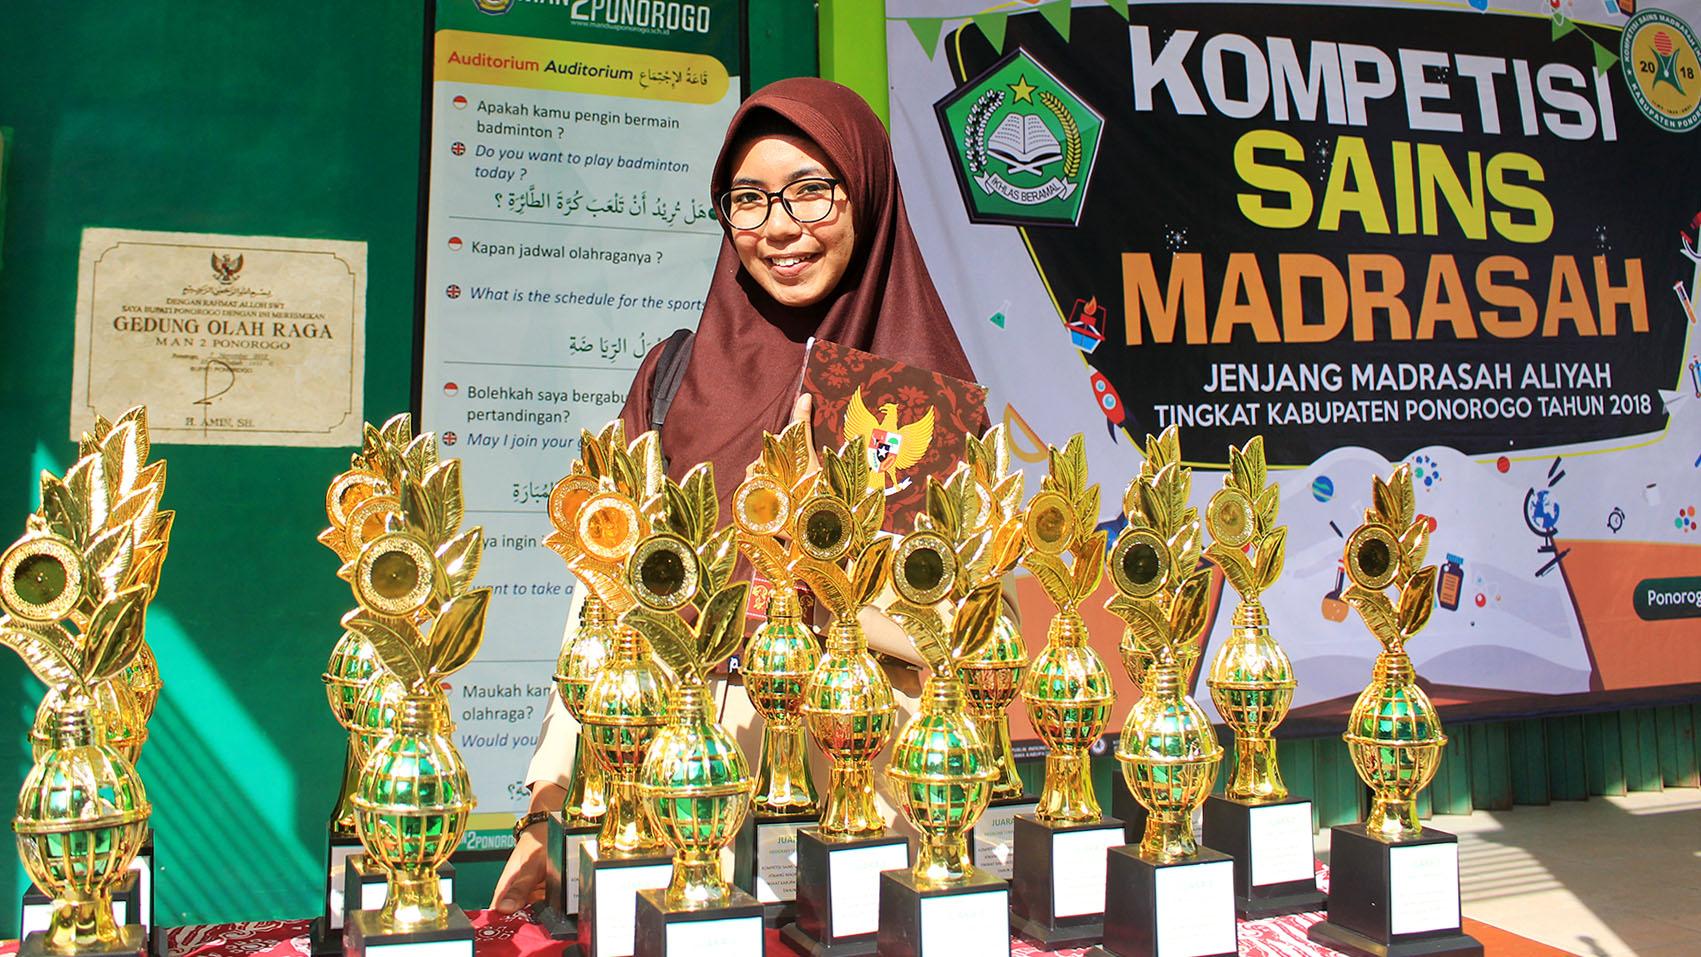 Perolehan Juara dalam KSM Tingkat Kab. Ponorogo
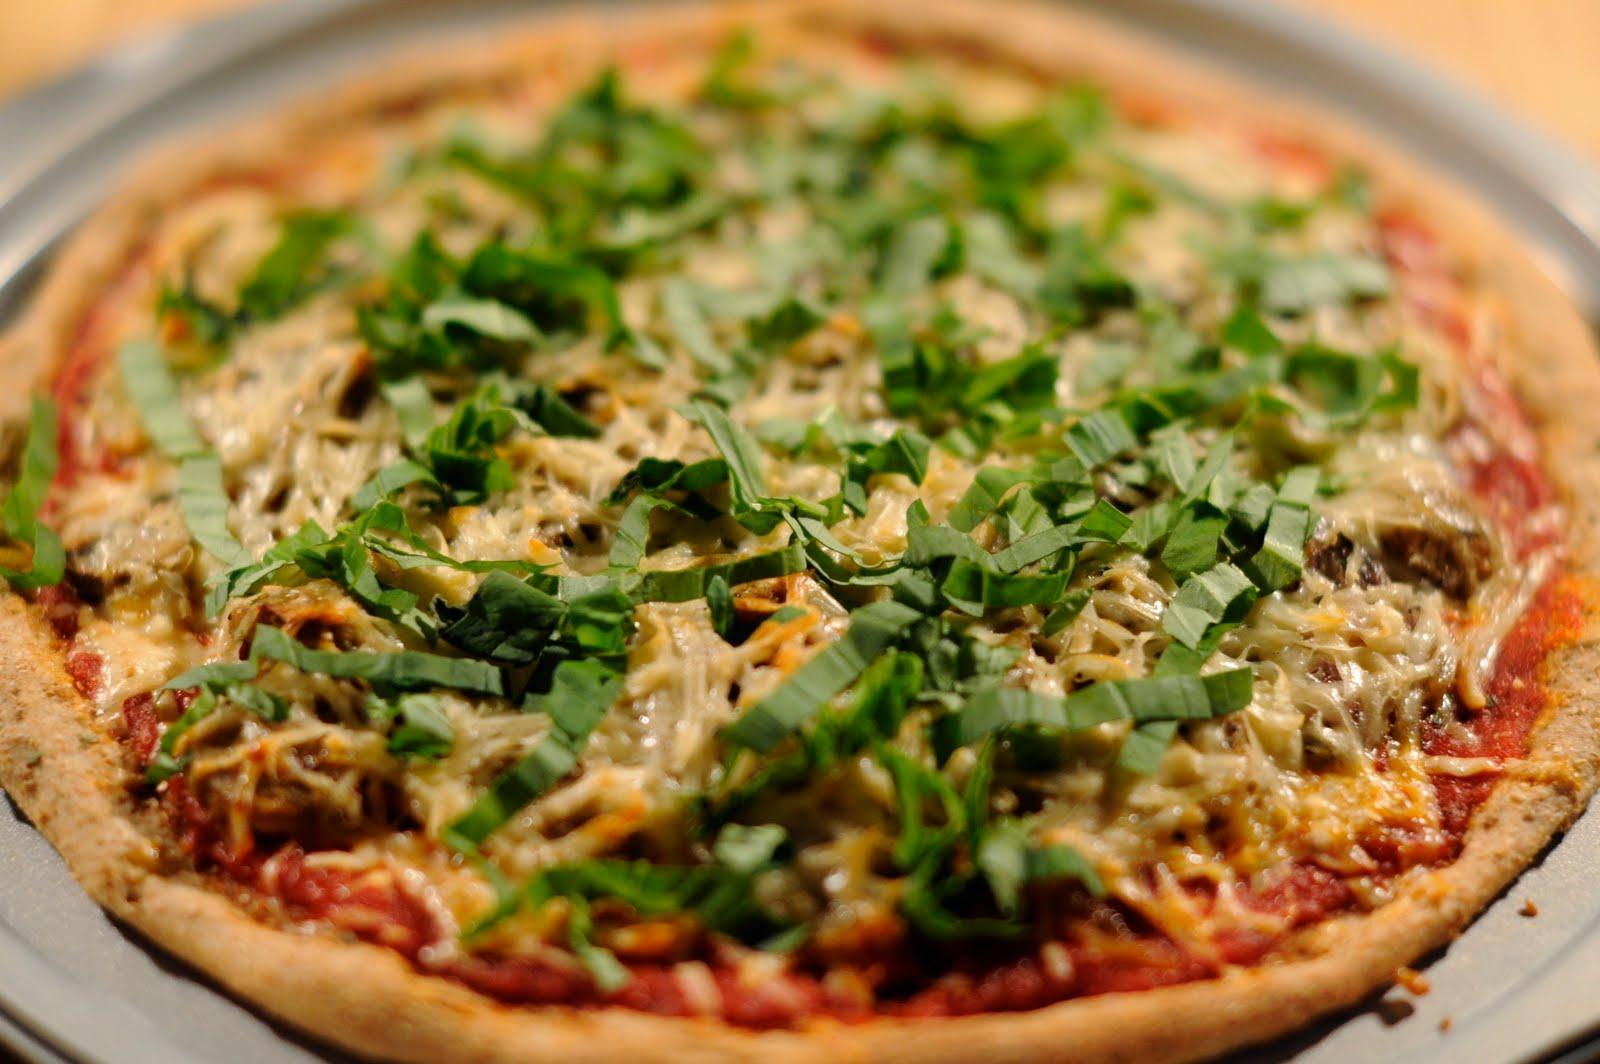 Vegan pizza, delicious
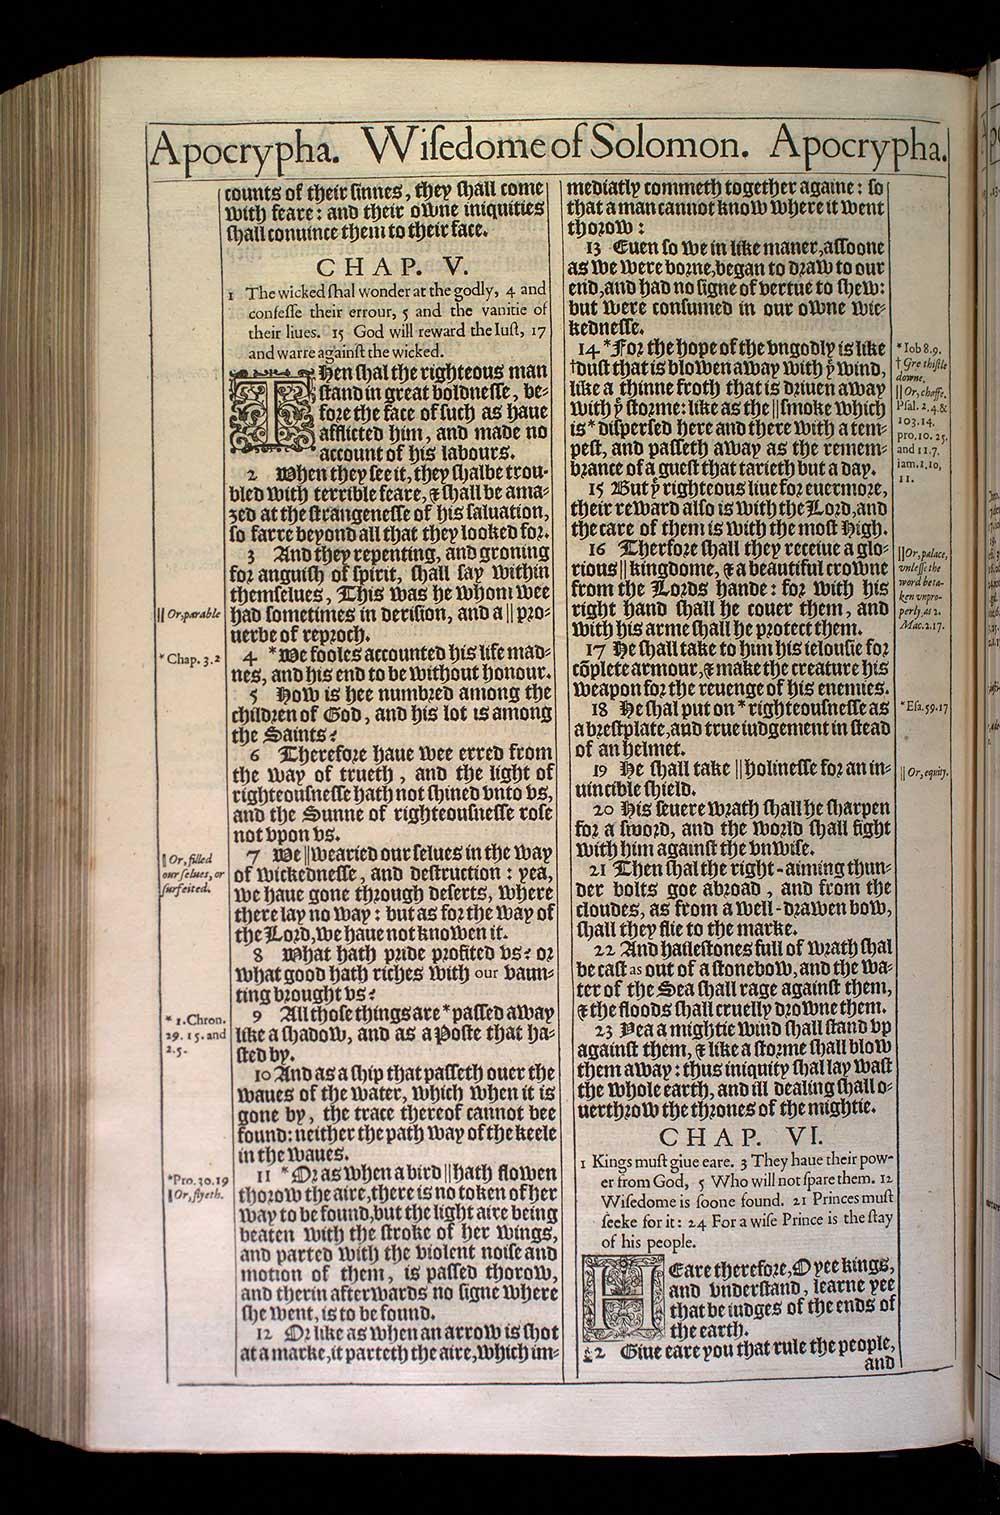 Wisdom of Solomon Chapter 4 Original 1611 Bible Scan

Problem statement: Your job is to repeat the data exactly, leaving each picture out.

Problem solution:
 Perolehan Juara dalam KSM Tingkat Kab. Ponorogo
 Vegan pizza, delicious
 Wisdom of Solomon Chapter 4 Original 1611 Bible Scan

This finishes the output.